Flood insurance is required for all federally backed home mortgages, but it’s a wise idea to buy a policy even if you’re not within a high-risk flood zone.

The average cost of a policy is between $650 and $750 annually. However, residents of low-lying coastal areas will pay more based on the level of risk they pose to the insurance program.

But this is one policy you don’t want to sleep on. There’s typically a 30-day waiting period from the time you buy it until policy is in full effect in most cases.

Why you need to update your amount of homeowners coverage every few years

Do you read the coverage limits when your home insurance policy comes up for renewal each year? It’s the only way to know if you could rebuild your house for the coverage limit.

Meanwhile, have you put substantial upgrades into your home or has your home enjoyed a sizeable increase in value due to housing market trends? Then your policy’s payout may not fully cover your costs to rebuild and replace your belongings after a catastrophic event like a fire that burns down your home.

Occasionally, you’ll find your insurer may not want to raise your coverage. Money expert Clark Howard himself ran into this problem a few years back.

“My insurer would not raise my limits on my primary residence, so I triggered a clause in my contract and got a third-party appraiser to look at my home,” Clark recalls. “The appraiser said my home had appreciated in value beyond my coverage. Only then did the insurer accept the appraisal and comply by raising my coverage — and I was happy to pay even though extra coverage in turn raised my premiums.”
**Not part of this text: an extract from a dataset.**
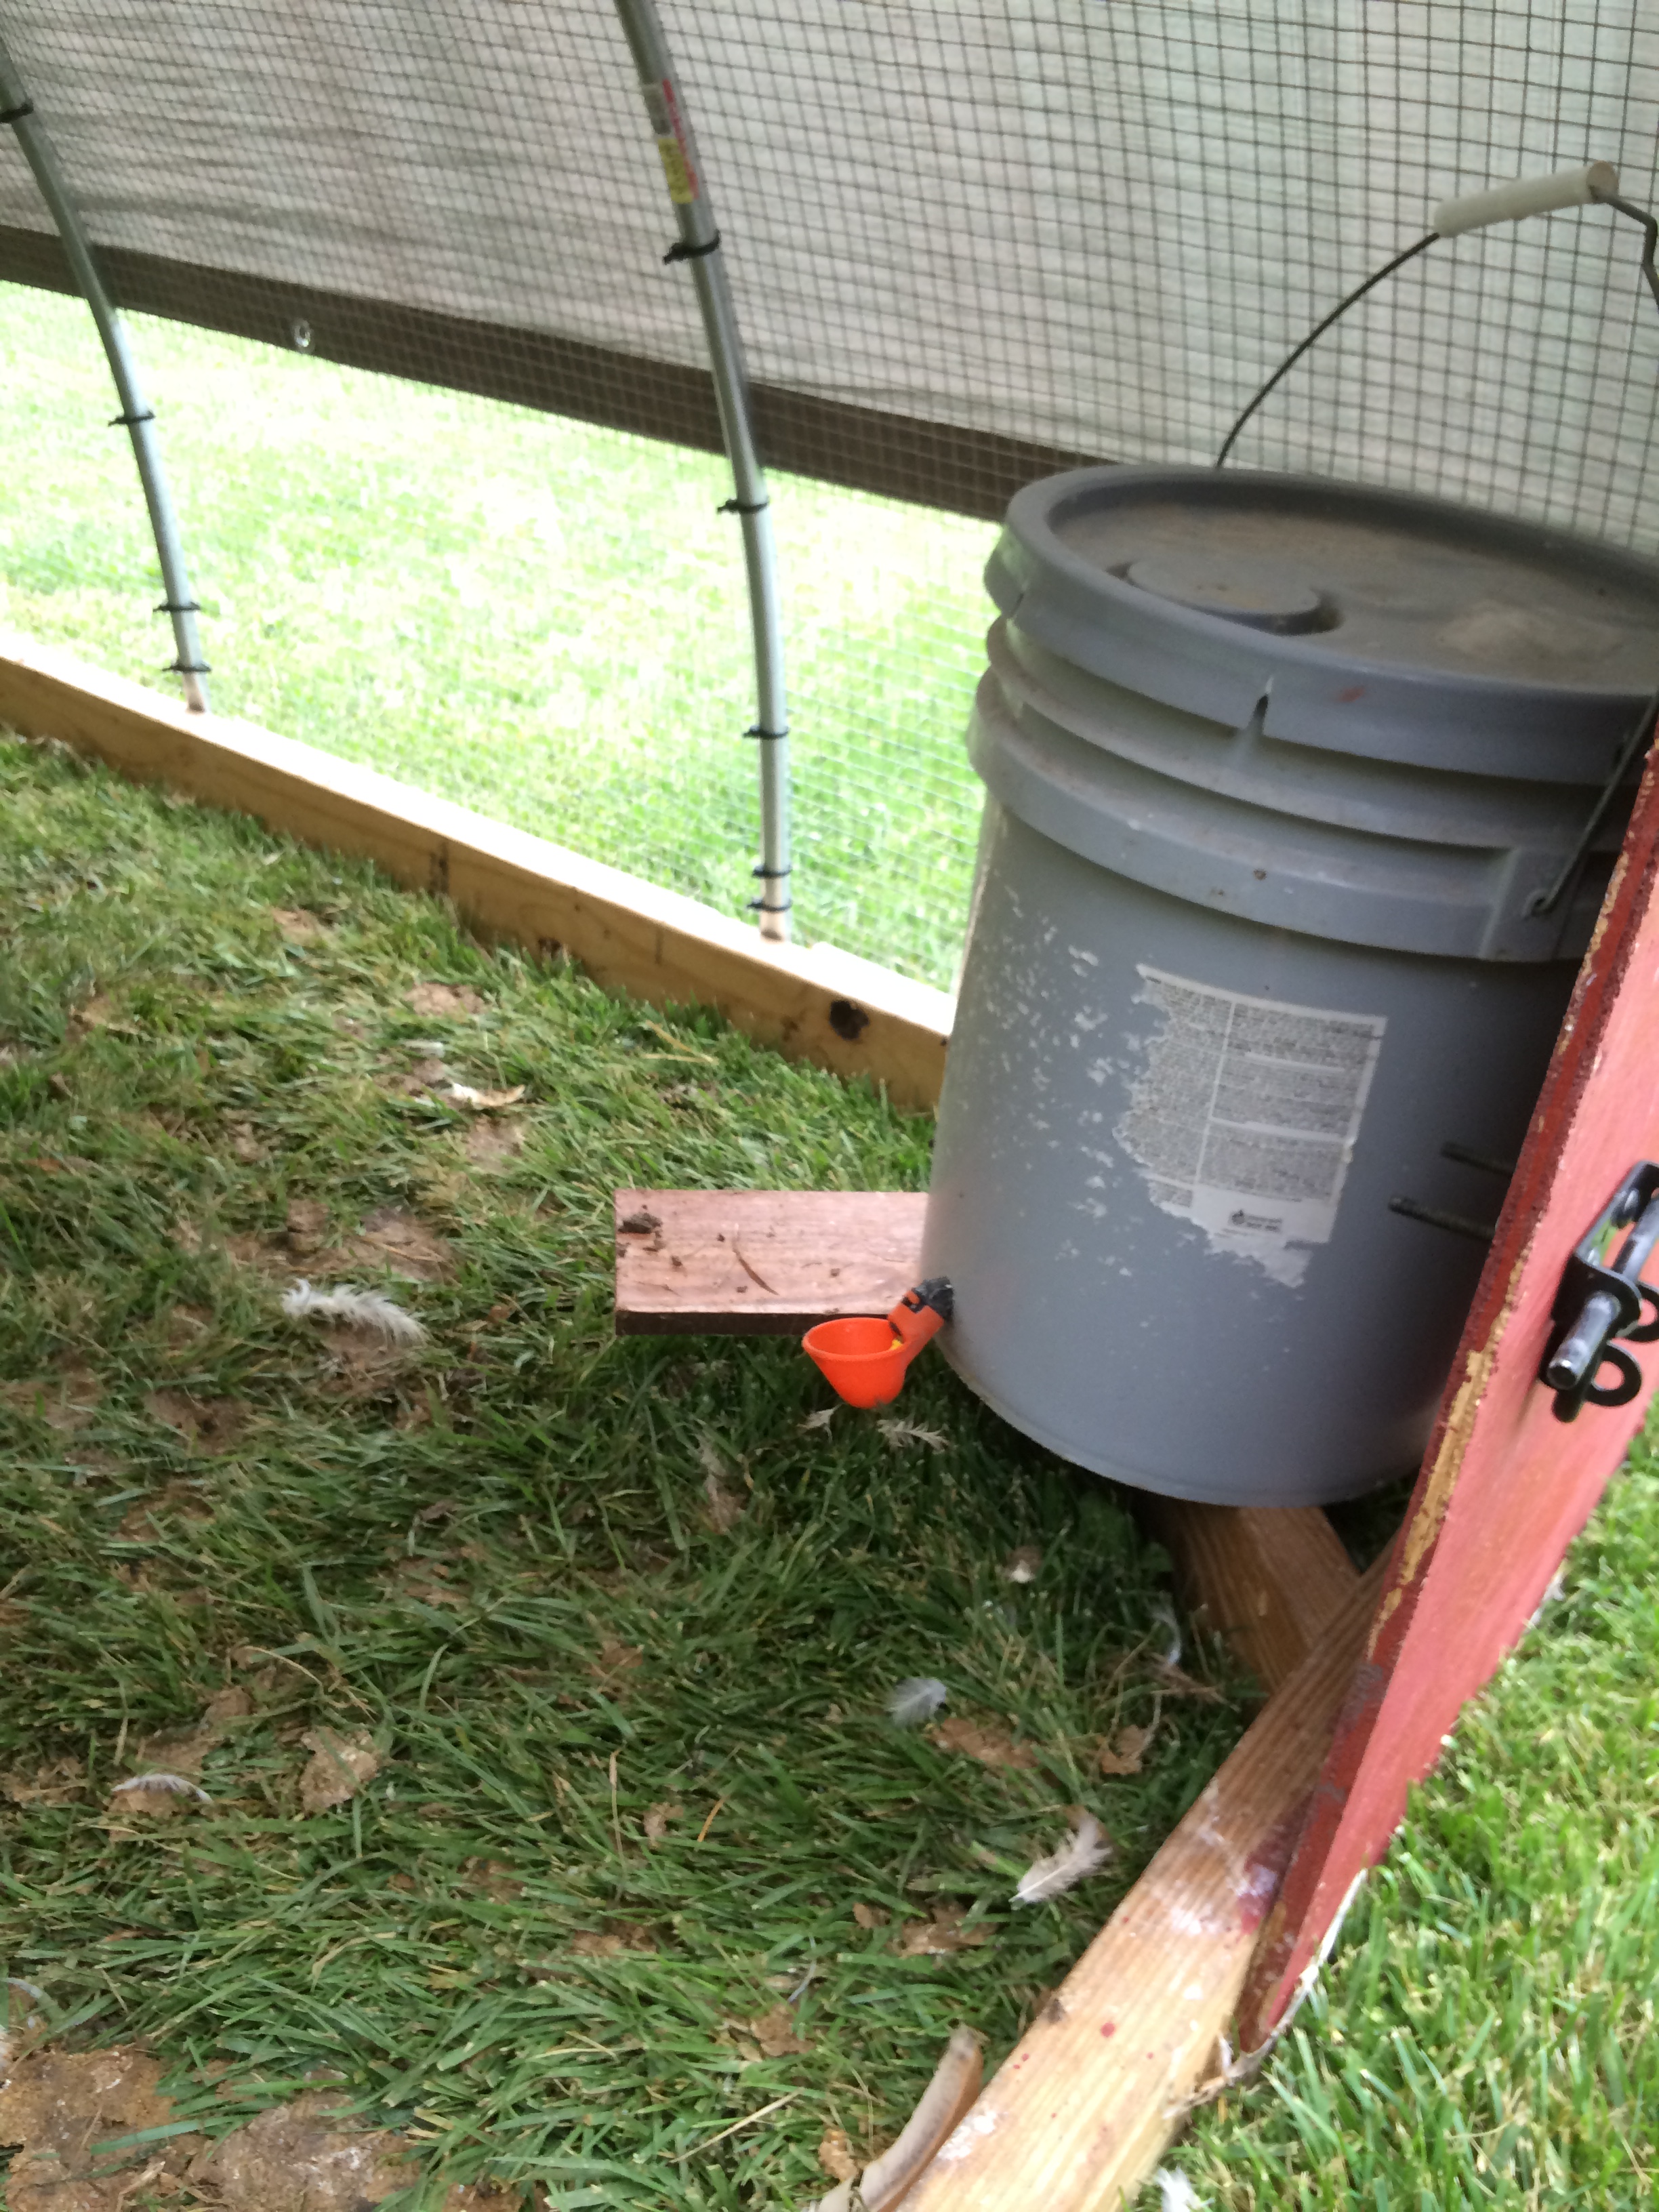 The corner braces support 5 gallon water buckets with drinker cups.  The broilers had no issue figuring them out and the pair of buckets lasted about 2 day as long as it wasnt too hot.

Finally, be sure you’re insuring your home for the replacement value, not market value. That’s because if you suffer a catastrophic loss, the cost to rebuild would be far higher than what you could sell your home for right now.

Document your belongings with your phone and store it in the cloud 

If you have a legitimate loss like a catastrophic house fire, the insurance adjuster may assume you’re trying to pull something over on them if you just come up with a list of expensive belongings off the top of your head that got destroyed in the fire.

Creating an inventory helps you prove that you’ve actually lost what you say you’ve lost. The easiest way to accomplish this is to walk around your home while you shoot a video on your phone and narrate it.

In your video, you should try to name the belongings in your home, what you paid for them and when you purchased them, if you remember. It’s good to do this annually as new items come in and out of your life.

Then be sure to store it in the cloud, not just locally on your phone. By doing this, you can be sure it’s accessible even if your phone is destroyed. After all, that video won’t do you any good if your phone melts in your home during a fire!